Popular belief, however, held that such differences in preferences might be diminished by the advent of radio, which required neither the special skill nor the exertion of reading (Lazarsfeld, 1940). Guglielmo Marconi, inventor of the wireless telegraph, even believed that the radio would "make war impossible, because it will make war ridiculous" (Narodny, 1912, p. 145).

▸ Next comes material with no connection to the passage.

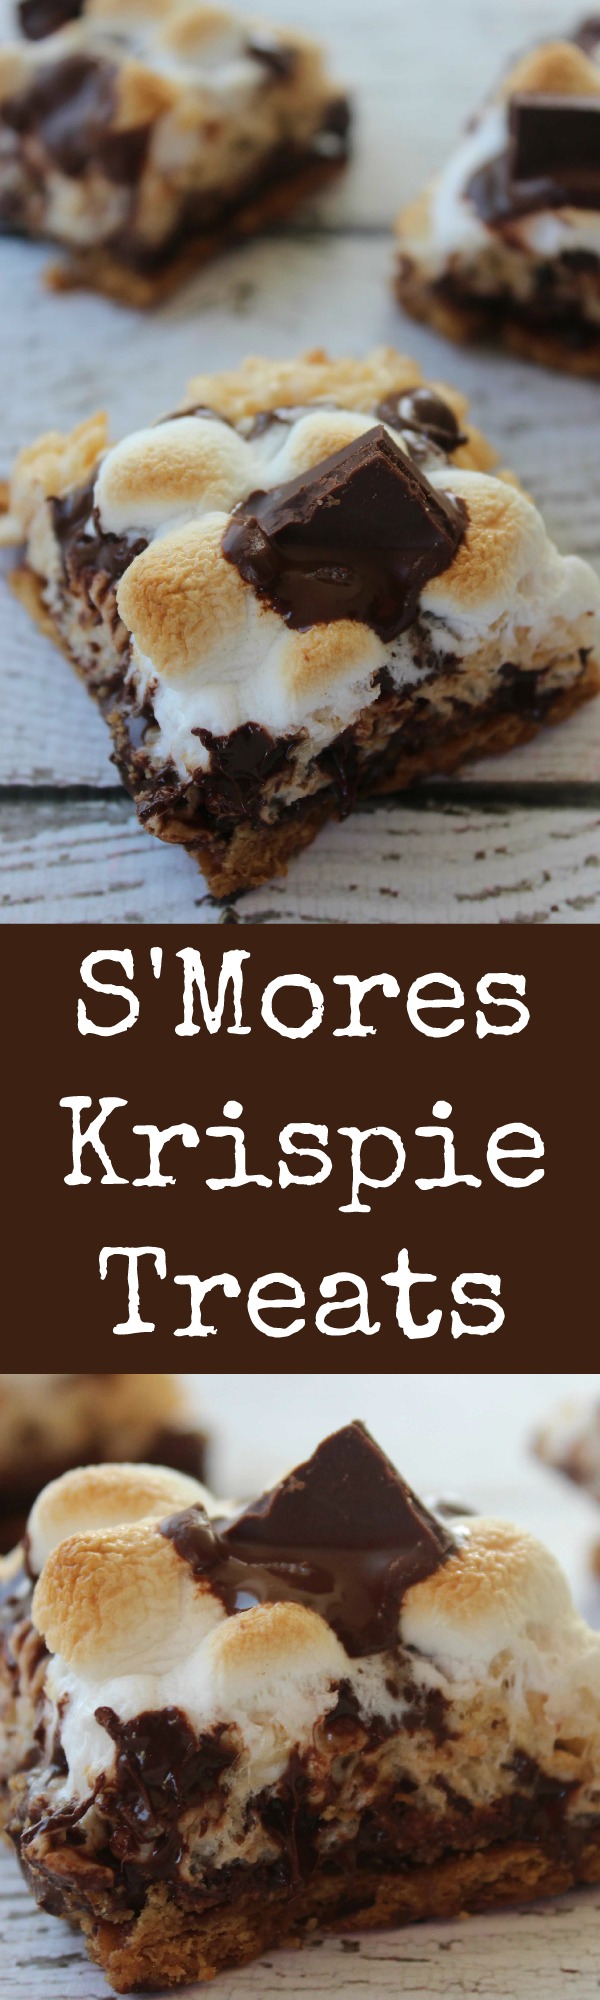 These S’Mores Krispie Treats combines your favorite Rice Krispie Treats cereal with the taste of your favorite classic S’mores recipes for a yummy summertime treat that you and your family are sure to love. Delicious dessert bars full of chocolate that will surely be a hit at your next party!

Interested in whether radio had attenuated these individual differences in content preferences, Paul Lazarsfeld, head of the Office of Radio Research at Columbia University, set out to examine whether (1) the total amount of time that people listened to the radio and (2) the type of content they listened to correlated with their socioeconomic status.  Not only did Lazarsfeld's data indicate people of lower socioeconomic status tended to listen to more radio programming, but also they were simultaneously less likely to listen to "serious" radio content.  Contrary to popular belief at the time, then, the widespread adoption of the radio seems to have had little, if any, effect on a person's tendency to prefer specific types of content.

Further evidence supporting the knowledge gap hypothesis came from Star and Hughes (1950)  analysis of efforts to inform Cincinnati adults about the United Nations.  Like Gray and Munroe (1929)  and Lazarsfeld (1940)  before them, Star and Hughes found that while the campaign was successful in reaching better-educated people, those with less education virtually ignored the campaign.  Additionally, after realizing that the highly educated people reached by the campaign also tended to be more interested in the topic, Star and Hughes suggested that knowledge, education, and interest may be interdependent.

Specification

Based on observations implicit in mass communication research, Tichenor, Donohue, and Olien (1970) define the knowledge gap hypothesis as follows:
"As the infusion of mass media information into a social system increases, higher socioeconomic status segments tend to acquire this information faster than lower socioeconomic-status population segments so that the gap in knowledge between the two tends to increase rather than decrease" (Tichenor, Donohue, and Olien 1970, pp. 159-160).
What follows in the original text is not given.